▸ **Your instructions**
Every line of the material is to be transcribed verbatim, with images omitted.

BEGIN Supplied information

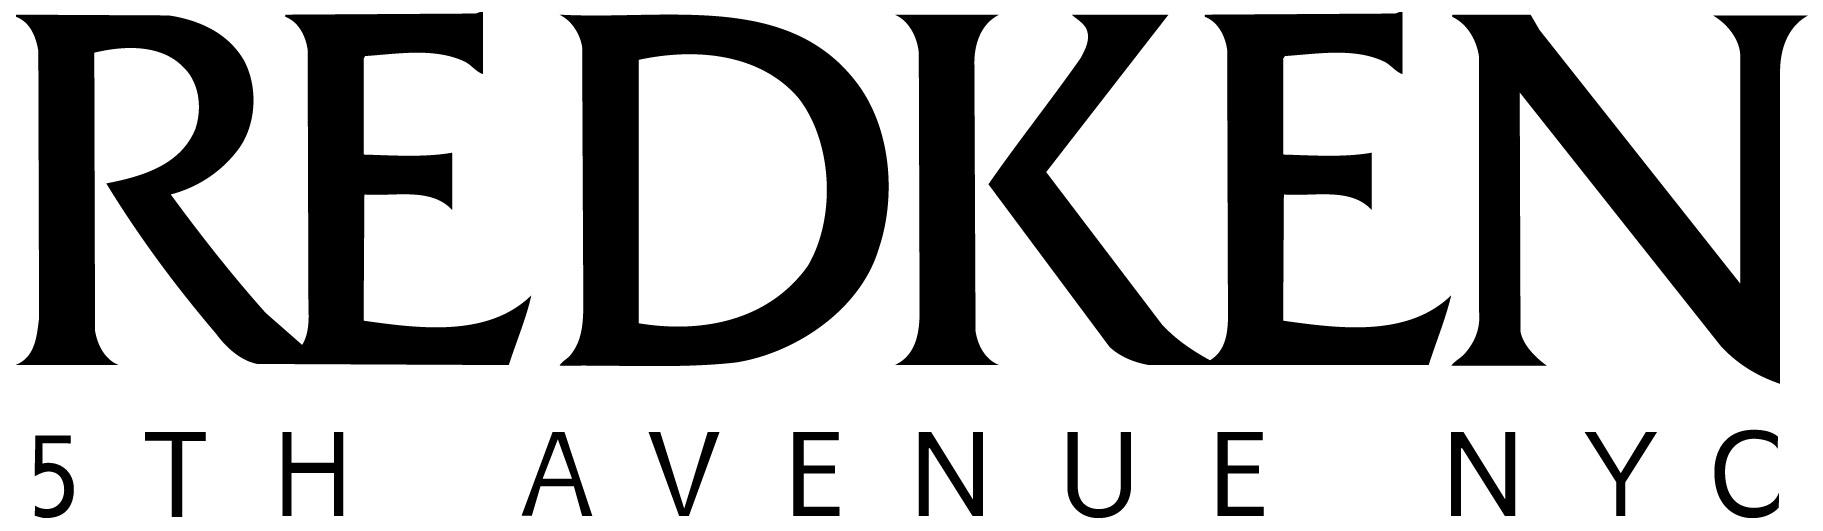 fichier redken 5th avenue nyc logo jpg wikip dia rh fr wikipedia org redken logo font redken white logo
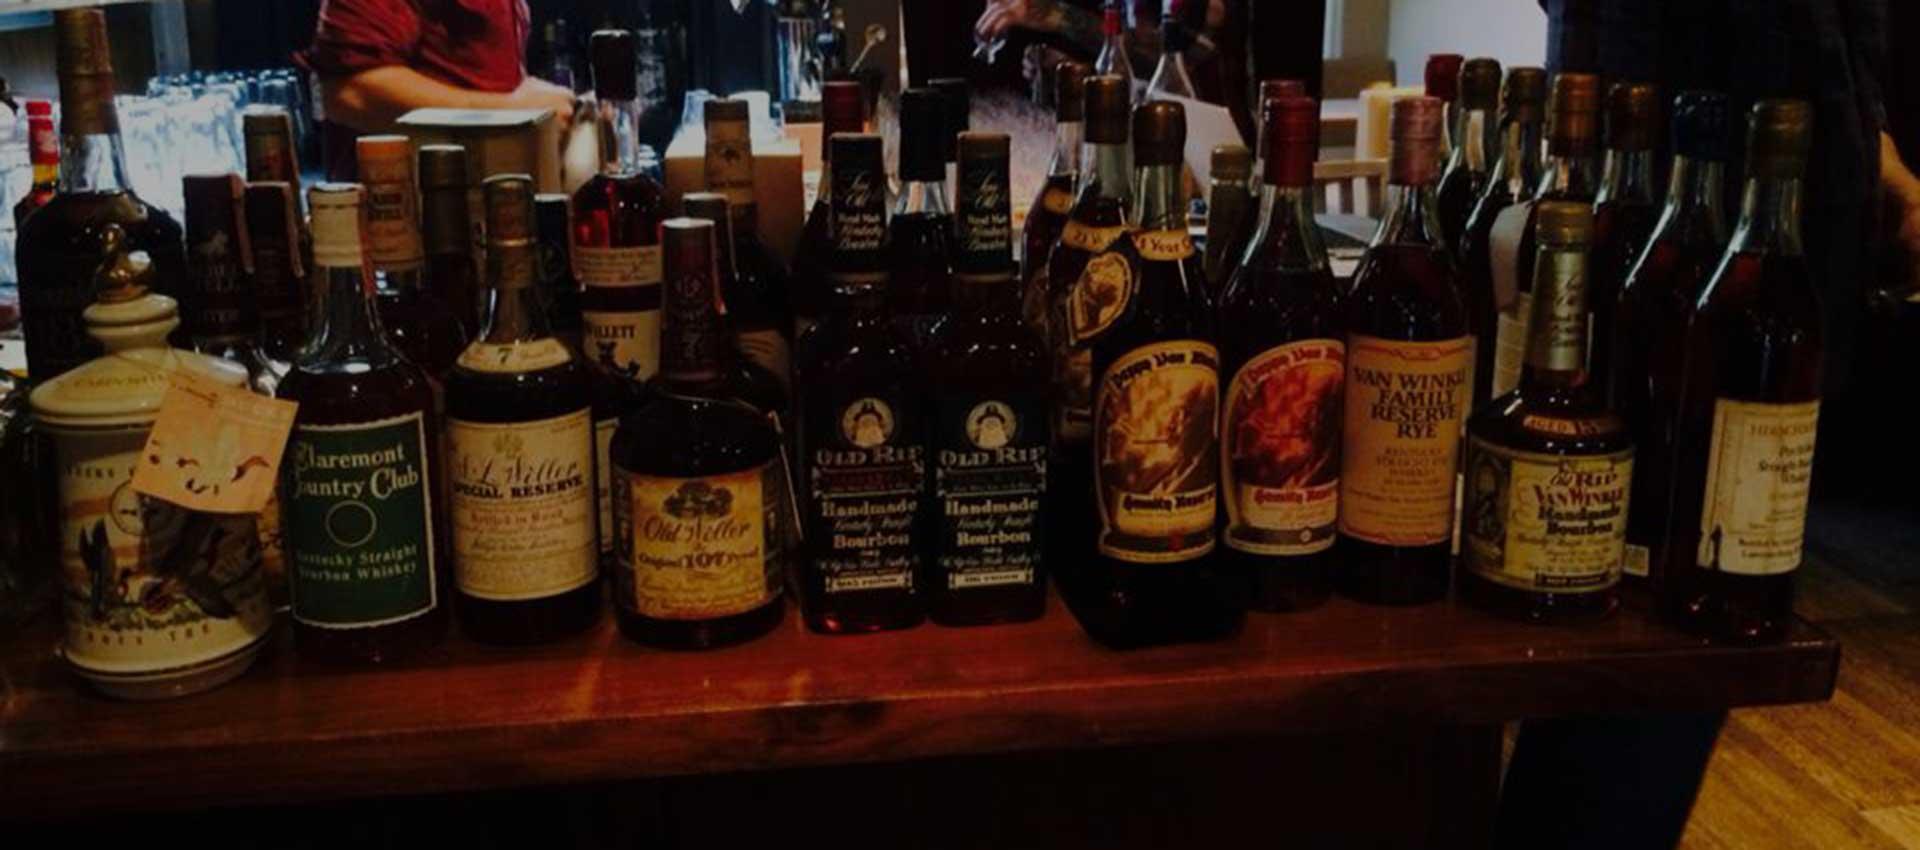 the bourbon source
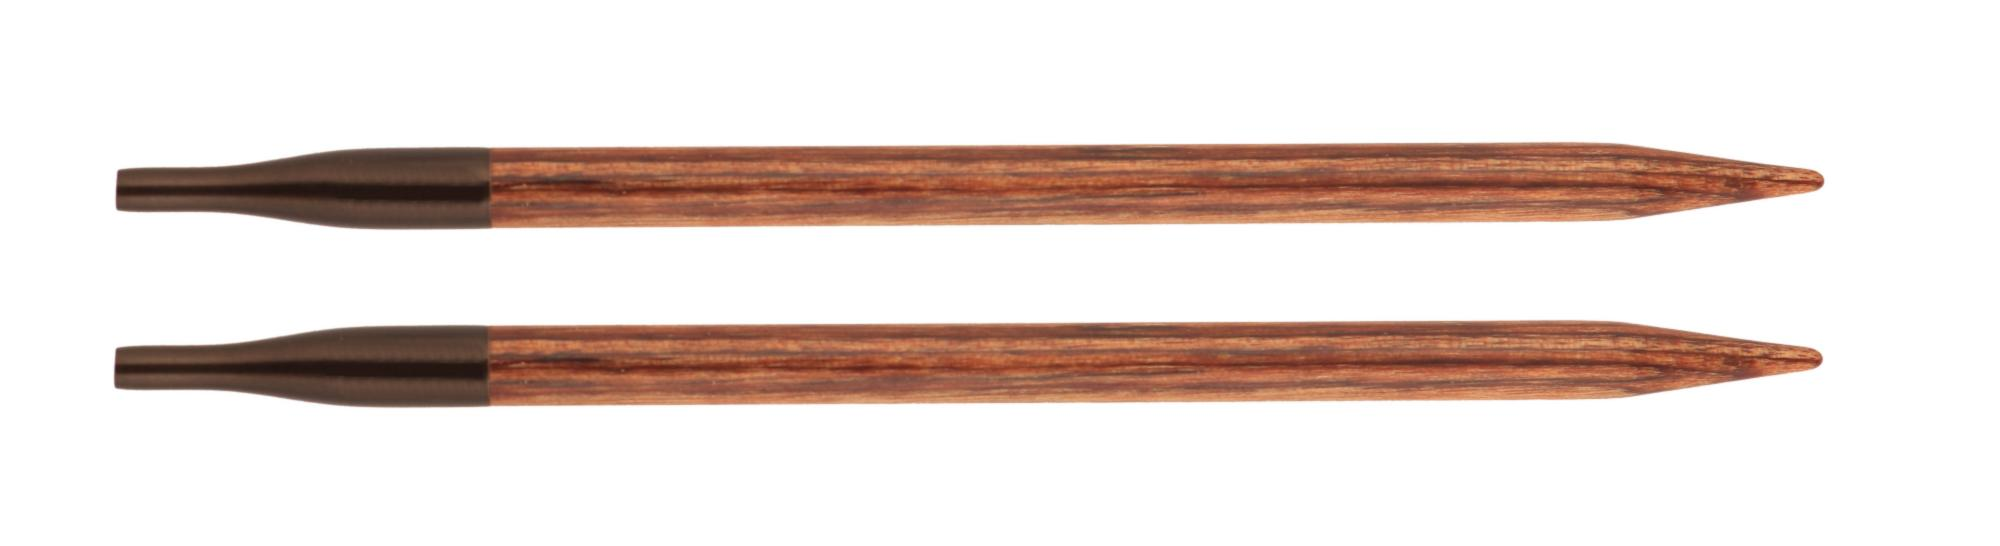 31224 Спицы съемные короткие 3.75 мм Ginger KnitPro

END Supplied information

▸ **Output**
 fichier redken 5th avenue nyc logo jpg wikip dia rh fr wikipedia org redken logo font redken white logo
 the bourbon source
 31224 Спицы съемные короткие 3.75 мм Ginger KnitPro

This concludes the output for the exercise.